Some prominent applications include:

1. Home Automation:

• Control and monitor lighting, heating, and security systems remotely;
• Integrate with IoT devices for smart home automation;
• Create custom home automation solutions using the Arduino IDE;

2. Industrial Automation:

• Automate machinery and processes in manufacturing plants;
• Monitor and control sensors and actuators in real timereal time;
• Implement custom automation logic with ladder logic programming;

3. Building Management Systems:

• Manage HVAC systems, lighting, and access control;
• Optimize energy usage for sustainability;
• Receive real-time alerts for maintenance and security;

4. Agriculture:

• Monitor and control irrigation systems;
• Collect and analyze environmental data for precision agriculture
• Automate feeding and ventilation systems in poultry farms;

5. Education and Prototyping:

• Ideal for teaching automation and control systems;
• Rapid prototyping of automation projects;
• Learn programming and automation concepts using the Arduino platform;

Pros:

• Compact Design. The small form factor of this micro PLC allows it to fit seamlessly into tight spaces, making it ideal for various applications;
• Connectivity Options. With built-in WiFi and Ethernet connectivity, it’s easy to integrate the device into existing networks and control systems;
• Easy Programming. Arduino’s user-friendly IDE and ladder logic support simplify programming and customization for users of all skill levels;
• Versatile I/O Options. The combination of digital, analog, relay, and PWM outputs provides flexibility for a wide range of automation tasks;
• Real-time Monitoring. Access real-time data and control automation processes remotely, enhancing convenience and efficiency;
• Cost-Effective. Compared to traditional PLCs, the Arduino OPTA WiFi Micro PLC offers a cost-effective solution without compromising on functionality;

Cons:

• Limited Processing Power. The microcontroller’s processing power may be insufficient for highly complex and resource-intensive automation tasks;
• Industrial Durability. While suitable for many industrial applications, it may not withstand extreme conditions and rigorous industrial environments;
• Limited I/O Count. For large-scale automation projects, the limited number of inputs and outputs may require additional expansion modules;

Arduino OPTA Inputs

Understanding the inputs of the Arduino OPTA WiFi Micro PLC is crucial for designing effective automation systems.

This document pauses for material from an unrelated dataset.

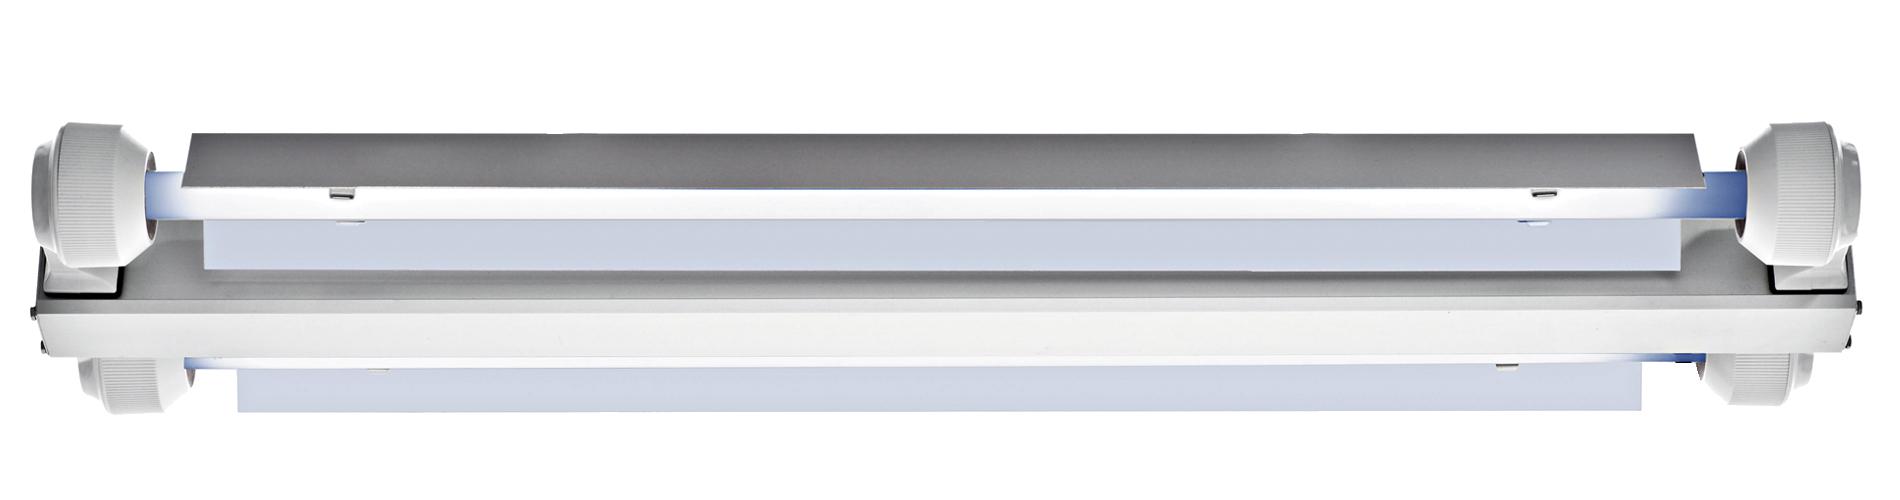 Giesemann RAZOR T5 Leuchtbalken inkl. Reflektor 2 x 39 W

This device provides various types of inputs, including:

1. Digital Inputs

The Arduino OPTA features 8 digital inputs, which can be used to read binary signals such as switches, sensors, and limit switches. These inputs are ideal for detecting the state of on/off devices [3].

2. Analog Inputs

With 4 analog inputs, this micro PLC can read continuous voltage levels, allowing you to interface with analog sensors like temperature sensors, pressure transducers, and potentiometers. These inputs enable precise data acquisition.

3. Communication Inputs

Utilizing the built-in WiFi and Ethernet capabilities, the device can receive data and commands from external sources, including mobile applications and web services. This opens up possibilities for remote control and monitoring.

4. Timers and Counters

The device features hardware timers and counters, allowing users to measure time intervals and count external events accurately. This is particularly valuable in applications requiring precise timing and control.

Arduino OPTA Outputs

The outputs of the Arduino OPTA WiFi Micro PLC play a crucial role in controlling external devices and processes.

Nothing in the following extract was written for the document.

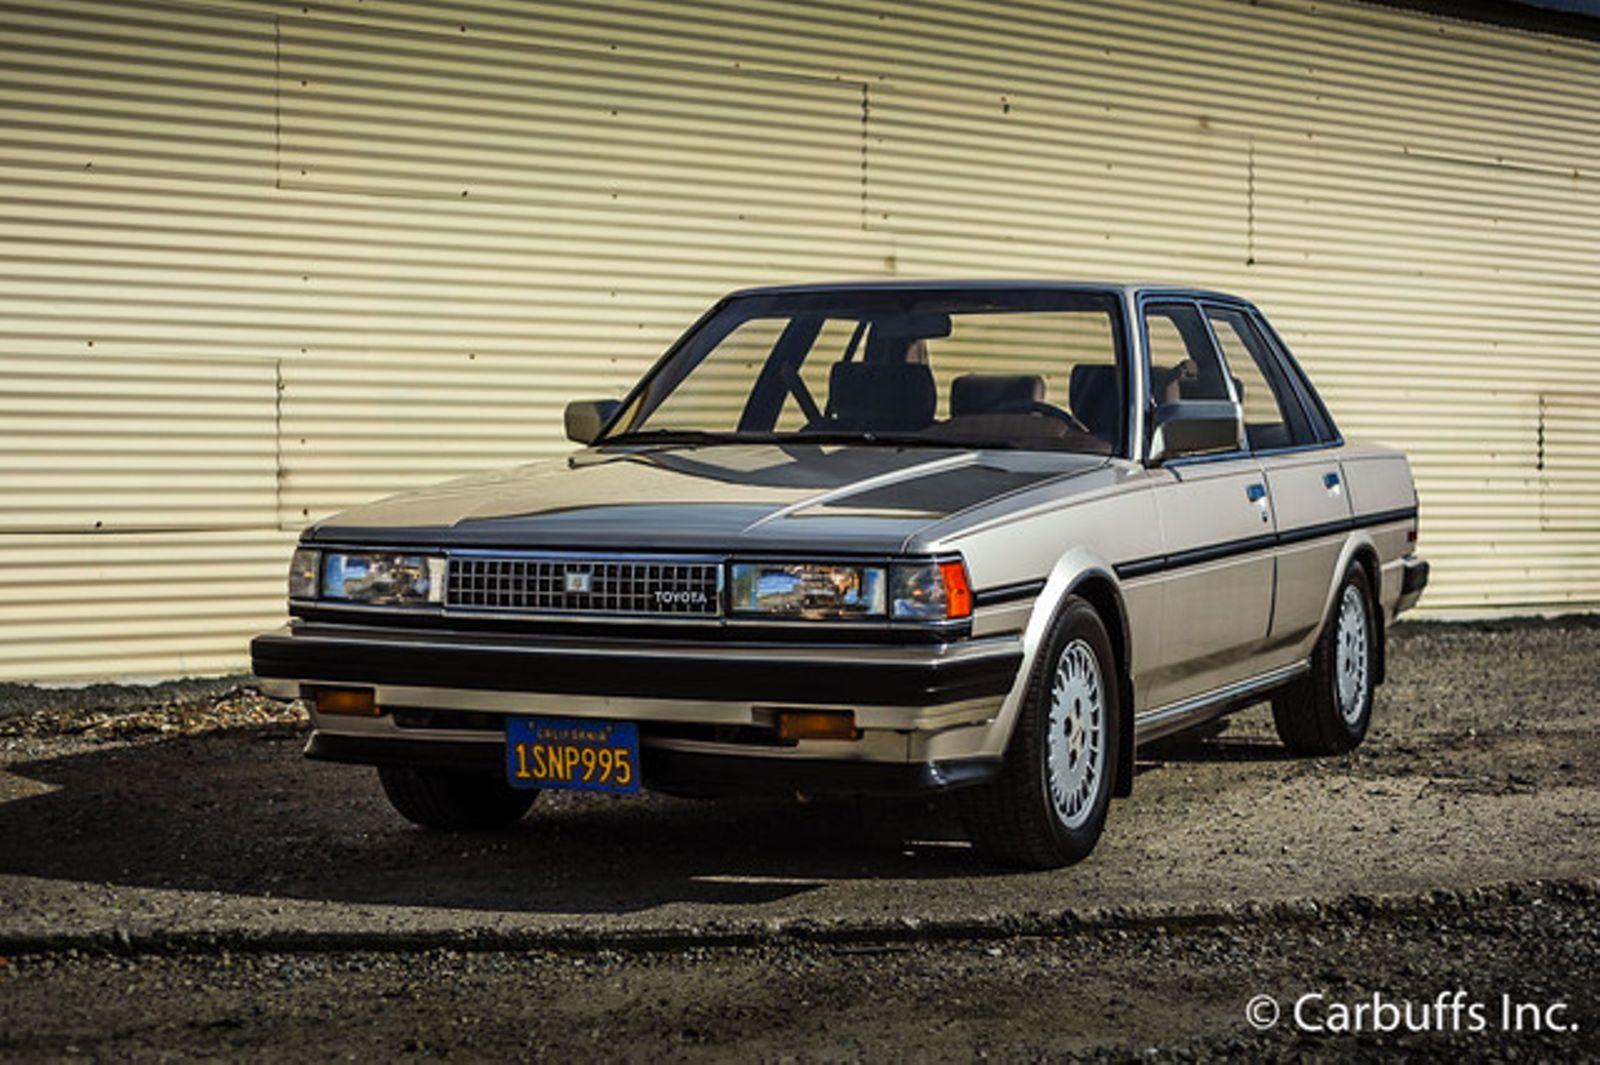 Toyota Of Concord >> 1987 Toyota Cressida Luxury | Concord, CA | Carbuffs | Concord CA 94520

Here are the primary output types:

1. Relay Outputs

The device offers 4 relay outputs, making it suitable for tasks that require switching high-voltage or high-current loads. Relays are commonly used in industrial applications for controlling motors, pumps, and solenoids.

2. PWM Outputs

Four PWM (Pulse Width Modulation) outputs are available, enabling precise control of devices such as motors and valves. PWM signals are used to regulate the speed and position of various actuators.

3. Digital Outputs

While primarily designed for switching purposes, the digital outputs can also be used for tasks like LED control or signaling. They are versatile and capable of driving a variety of devices.

4. Communication Outputs

The Arduino OPTA WiFi Micro PLC can transmit data and status information via WiFi and Ethernet, allowing it to communicate with other devices, control systems, or cloud platforms [4].

Getting Started with OPTA:

The Arduino OPTA WiFi Micro PLC is a versatile and compact device that enables you to automate various tasks and projects. Whether you’re a beginner or an experienced developer, this guide will walk you through the essential steps to set up and start using your OPTA PLC.

1) Setup with the Arduino IDE

Before you begin, make sure you have the following:

• An Arduino OPTA WiFi Micro PLC;
• A USB-C cable;
• A computer with the Arduino IDE installed;

Here’s how to set up your OPTA with the Arduino IDE:

• Install the Arduino IDE: If you haven’t already, download and install the Arduino IDE from the official Arduino website;
• Connect Your OPTA: Use the USB-C cable to connect your OPTA PLC to your computer. Ensure that your PLC is powered on;

Install the Arduino Board Manager:

• Open the Arduino IDE;
• Go to “File” > “Preferences”
• In the “Additional Boards Manager URLs” field, enter the following URL: https://dl.espressif.com/dl/package_esp32_index.json ;
• Click “OK”;

Install ESP32 Boards:

• Go to “Tools” > “Board” > “Boards Manager…”;
• In the Boards Manager, search for “esp32” and install the “esp32” board package by Espressif Systems;

Select Your Board:

• Go to “Tools” > “Board” and select “Arduino WiFi Micro PLC”;
• Select Your COM Port: Go to “Tools” > “Port” and select the COM port associated with your OPTA PLC;

Now, you’re ready to start programming your OPTA with the Arduino IDE [5].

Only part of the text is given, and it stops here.